- Catcher
- Born: April 21, 1921 Audenried, Pennsylvania, U.S.
- Died: December 19, 2002 (aged 81) Hazleton, Pennsylvania, U.S.
- Batted: RightThrew: Right

MLB debut
- September 6, 1950, for the Philadelphia Athletics

Last MLB appearance
- September 16, 1950, for the Philadelphia Athletics

MLB statistics
- At bats: 3
- Hits: 1
- Home runs: 0
- Stats at Baseball Reference

Teams
- Philadelphia Athletics (1950);

= Bob Rinker =

American baseball player (1921-2002)

Robert John Rinker (April 21, 1921 – December 19, 2002) was an American professional baseball player who appeared in three Major League games as a pinch hitter and catcher for the Philadelphia Athletics. The native of Audenried, Pennsylvania, batted and threw right-handed, stood 6 ft tall and weighed 190 lb.

Rinker's professional career lasted three seasons, beginning in 1948 and ending immediately after his September 1950 audition with the Athletics in the waning days of Connie Mack's 50-year tenure as the team's manager.

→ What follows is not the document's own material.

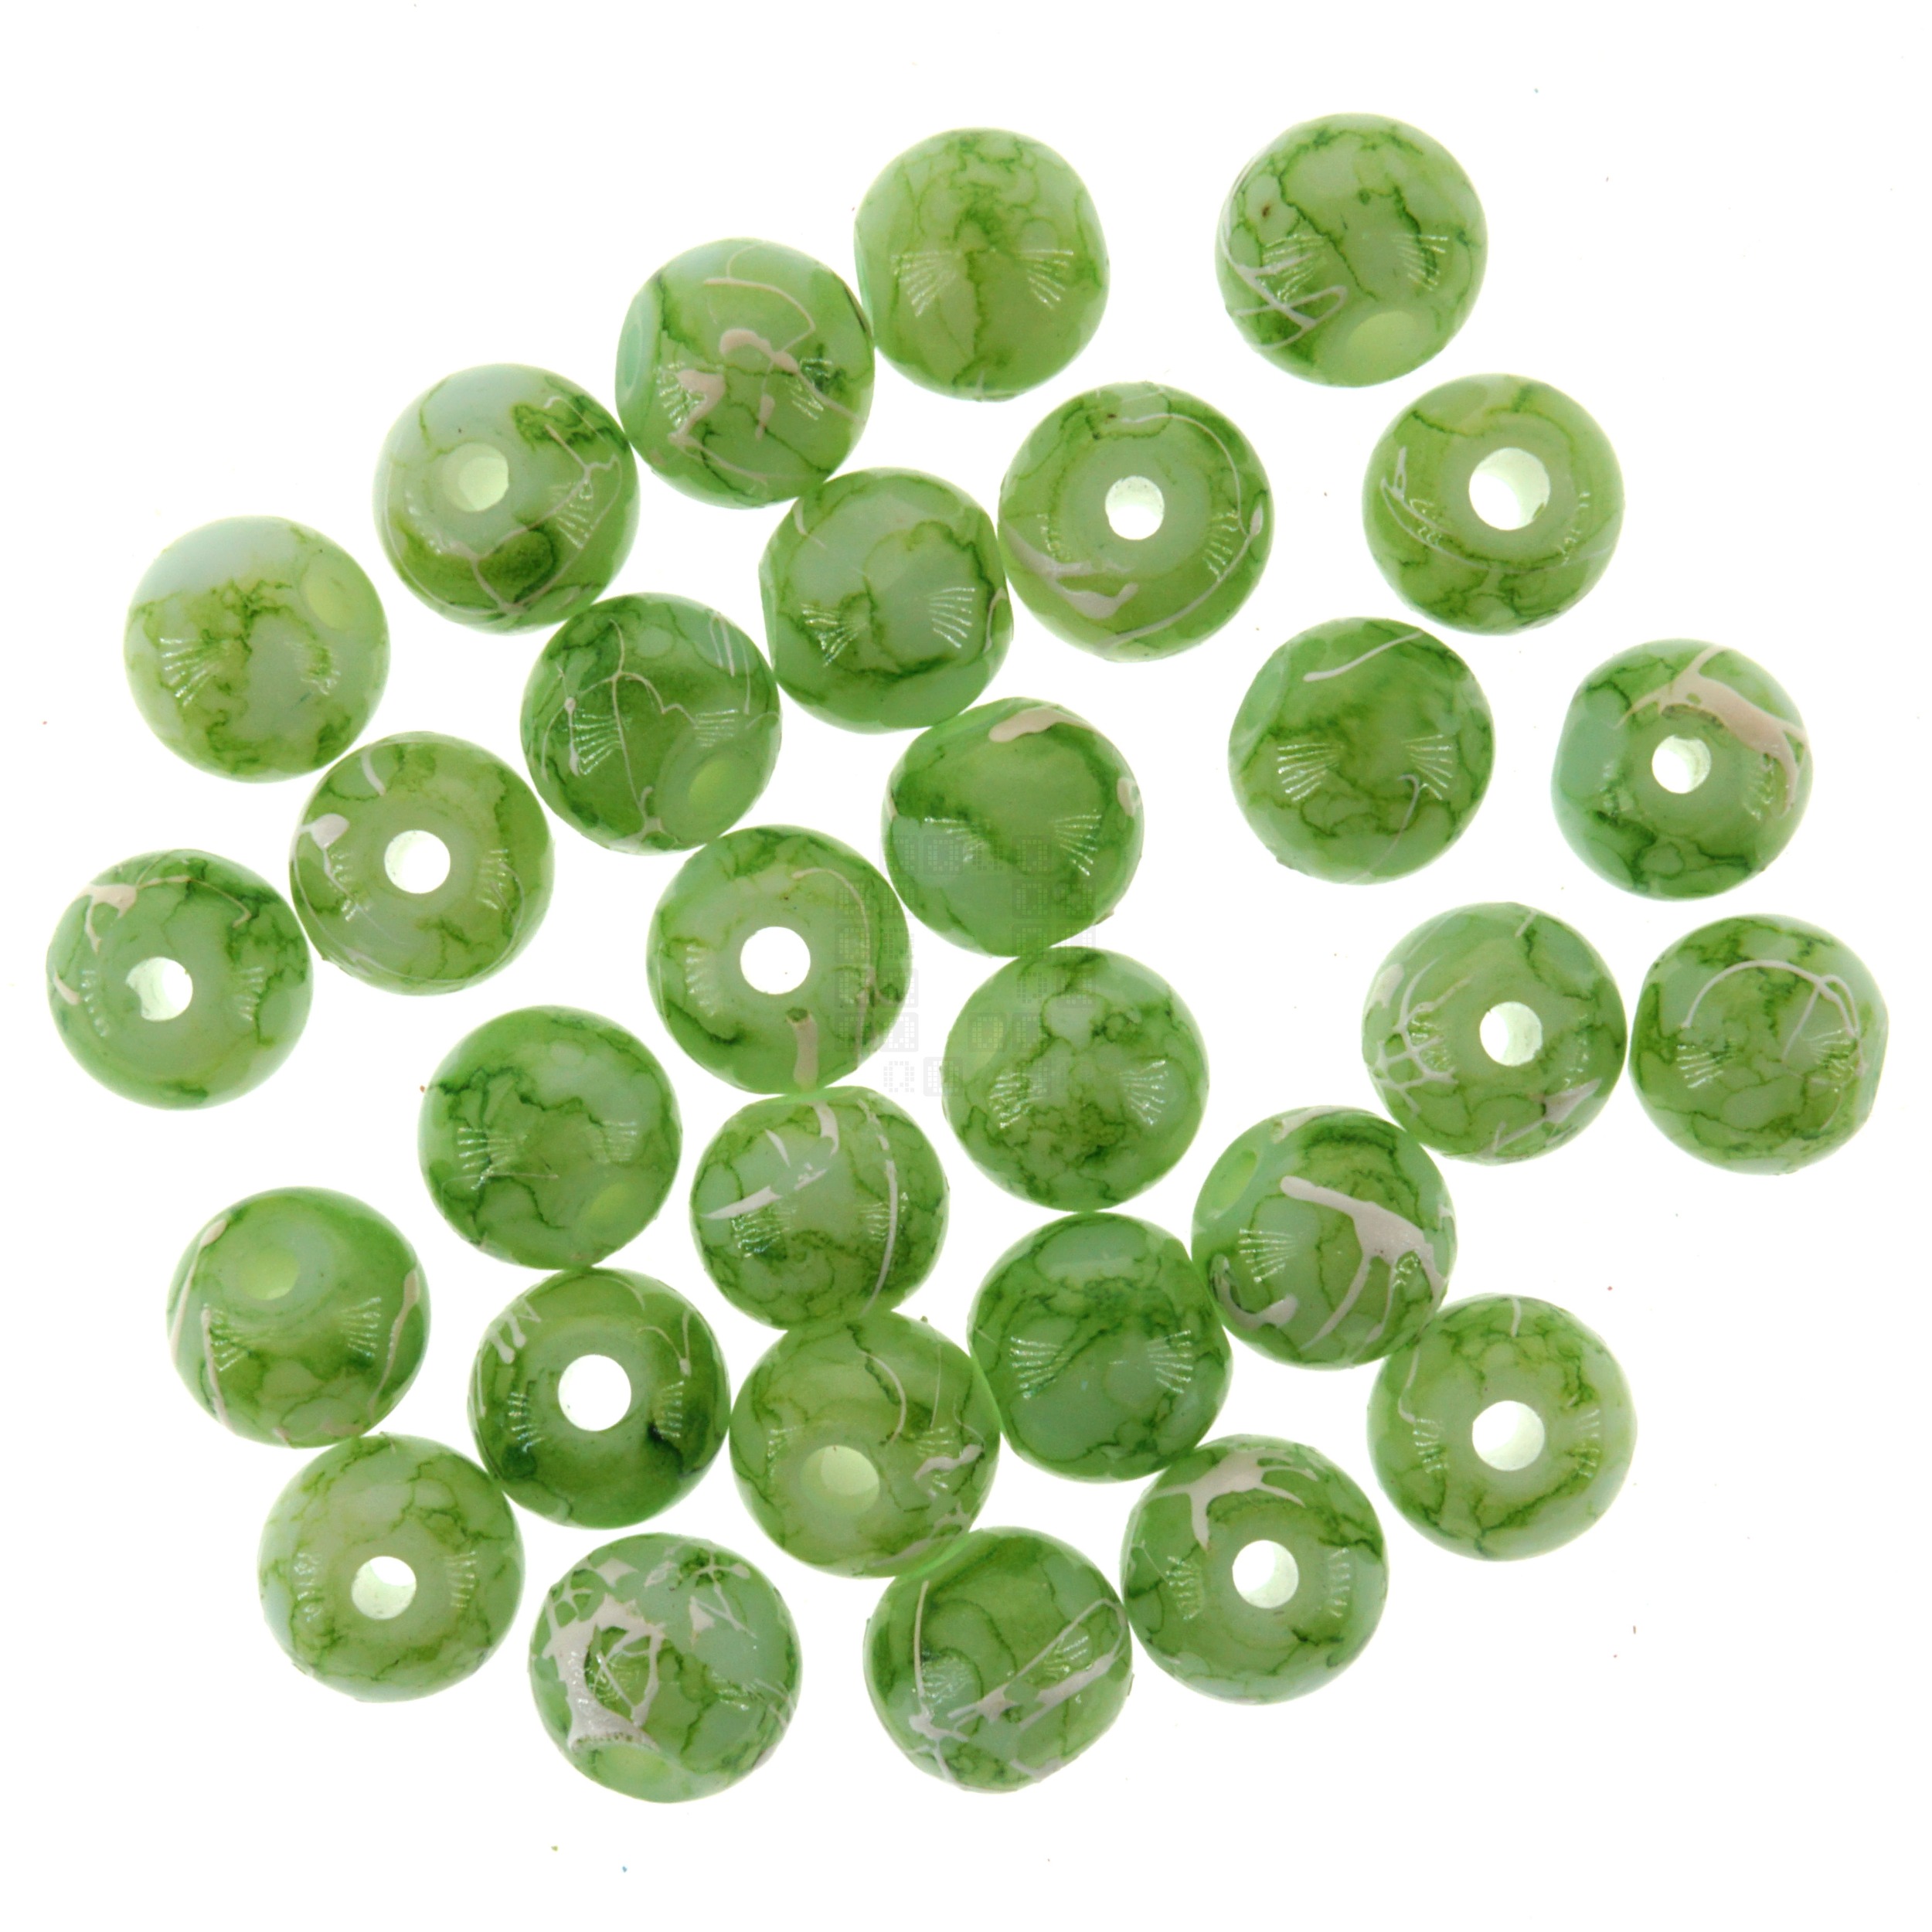 Green Apple 8mm Loose Glass Beads, 30 Pieces

Rinker was called up to the majors directly from the Class C Middle Atlantic League, where he had batted .381 in 126 at bats. In his debut game, on September 6, 1950 at Griffith Stadium, he pinch hit for A's pitcher Bobby Shantz in the eighth inning and singled off Sandy Consuegra of the Washington Senators. However, he was erased on a double play by Philadelphia's next batter, Eddie Joost. He would appear in two more games, one as a pinch hitter on September 8 and the other as a late-inning replacement for starting catcher Joe Tipton, and go hitless in two at bats, to finish with a Major League average of .333. He had no runs batted in.